■ Work to be completed: Leaving out every picture, copy the lines of the material below exactly, from the line containing "Datenbankspiegelung gravierte Icons" through the line containing "100% leather purse".

■ Given data:

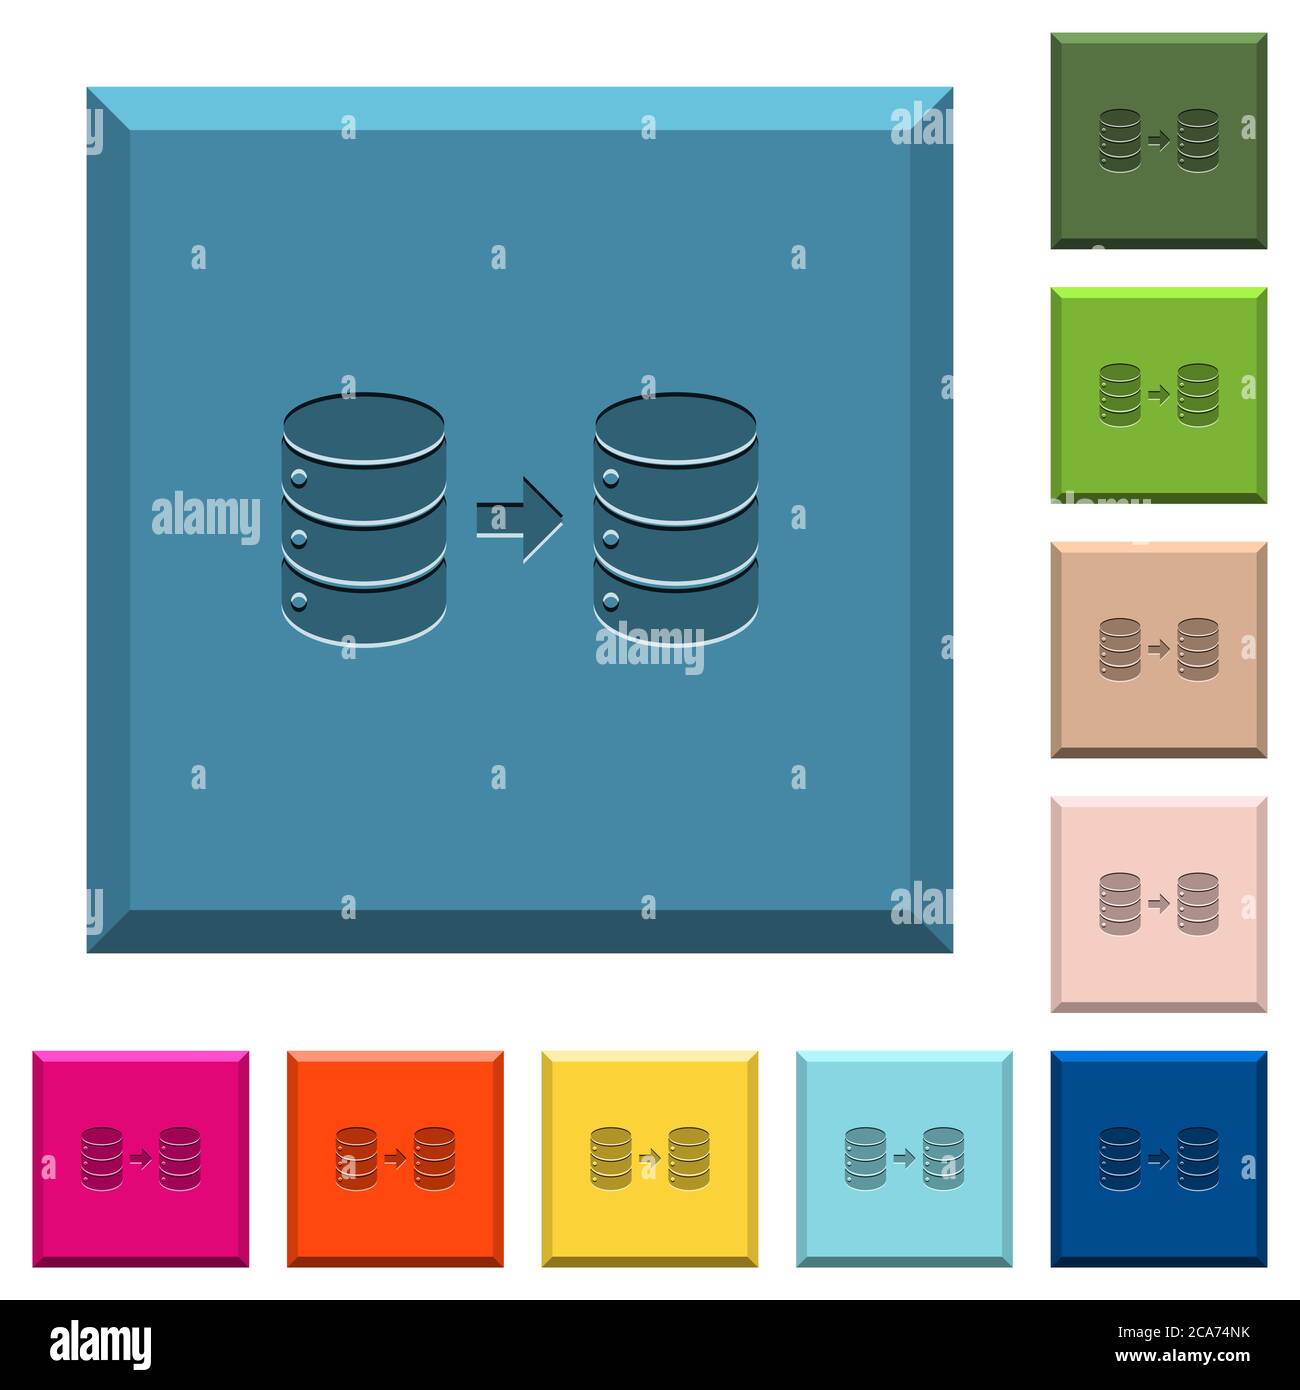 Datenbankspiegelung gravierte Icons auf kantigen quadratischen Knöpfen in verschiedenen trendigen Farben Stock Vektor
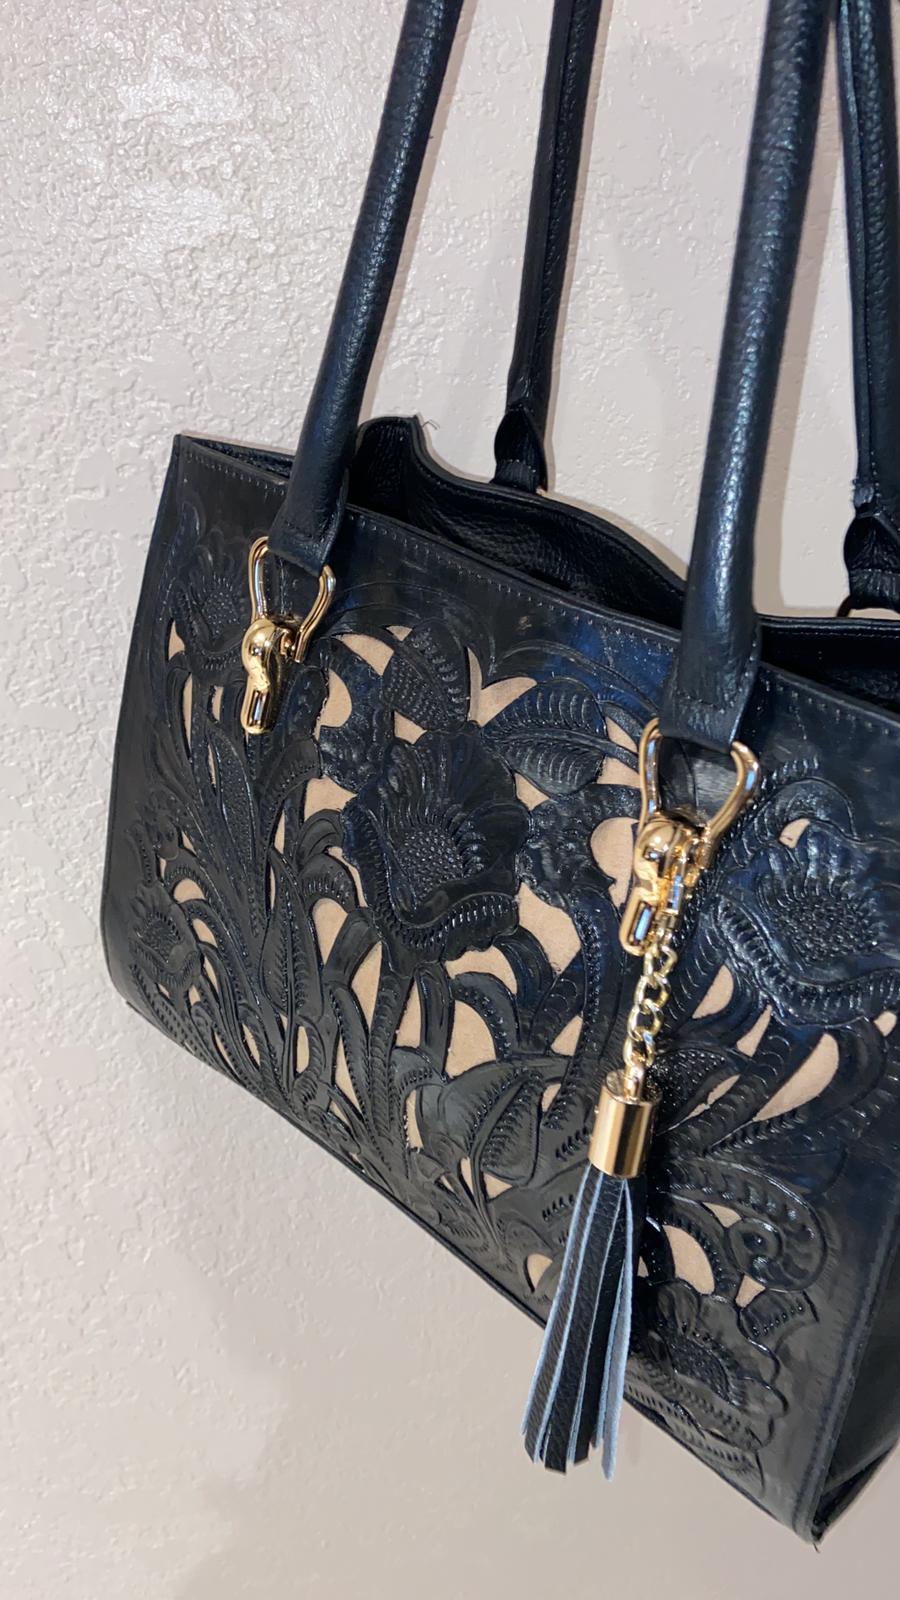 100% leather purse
---
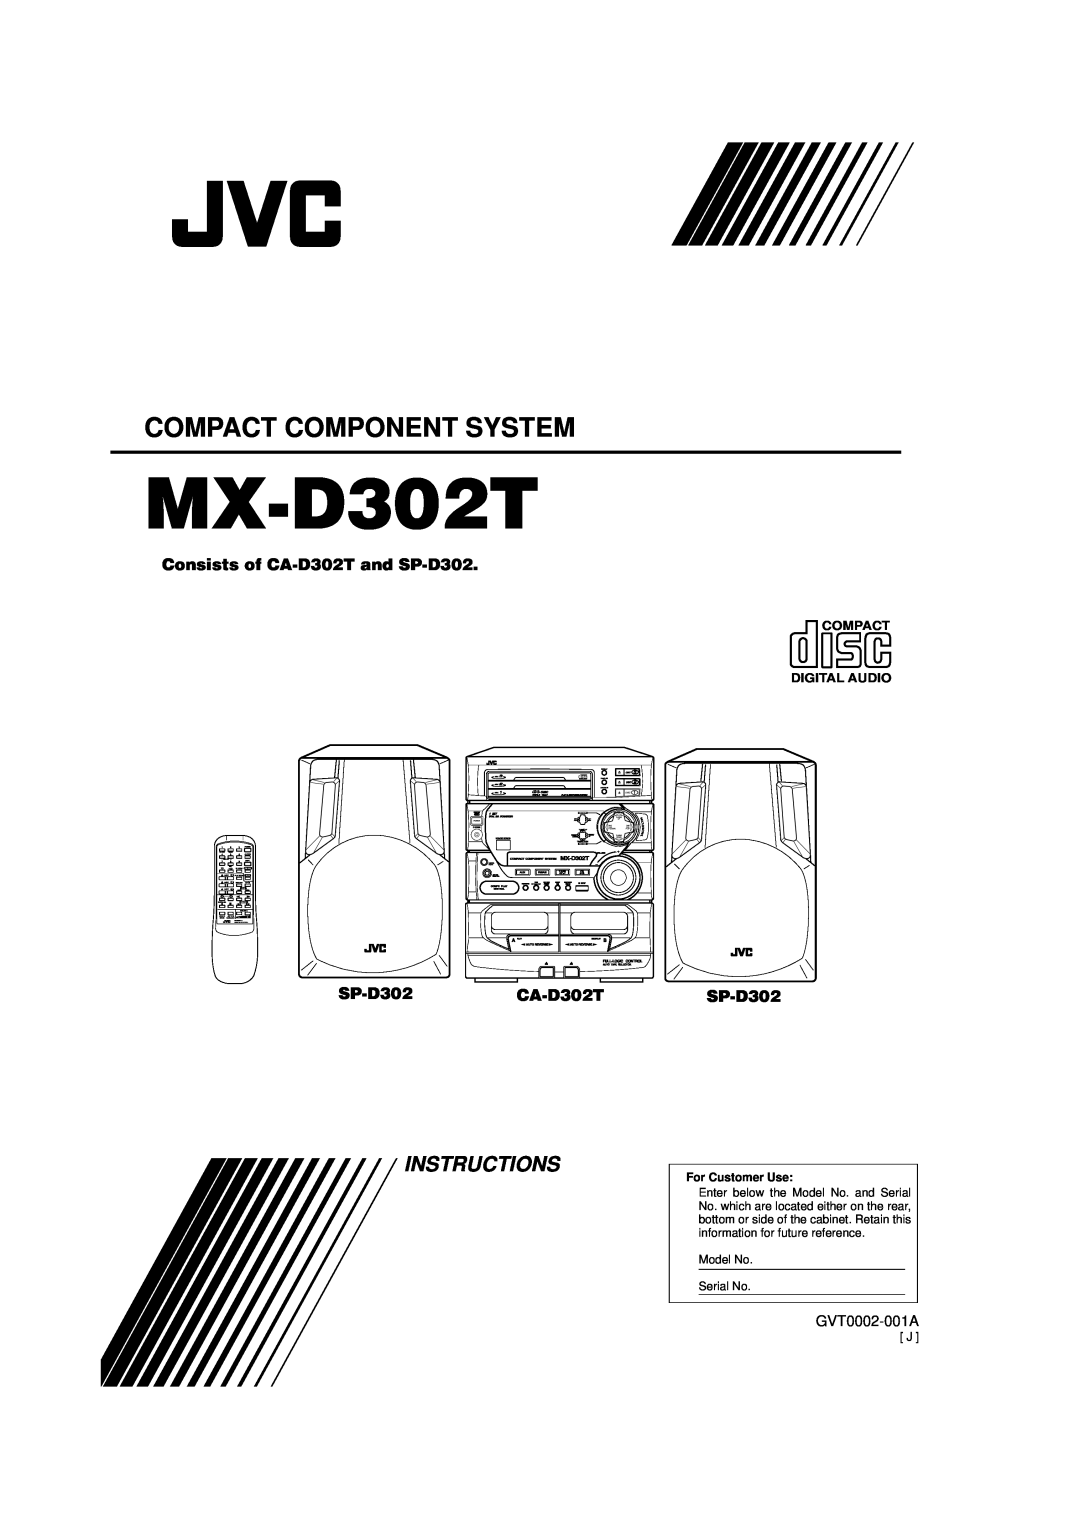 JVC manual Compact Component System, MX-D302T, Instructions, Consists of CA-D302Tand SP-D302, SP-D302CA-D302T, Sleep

■ Answer to the problem:
 Datenbankspiegelung gravierte Icons auf kantigen quadratischen Knöpfen in verschiedenen trendigen Farben Stock Vektor
 100% leather purse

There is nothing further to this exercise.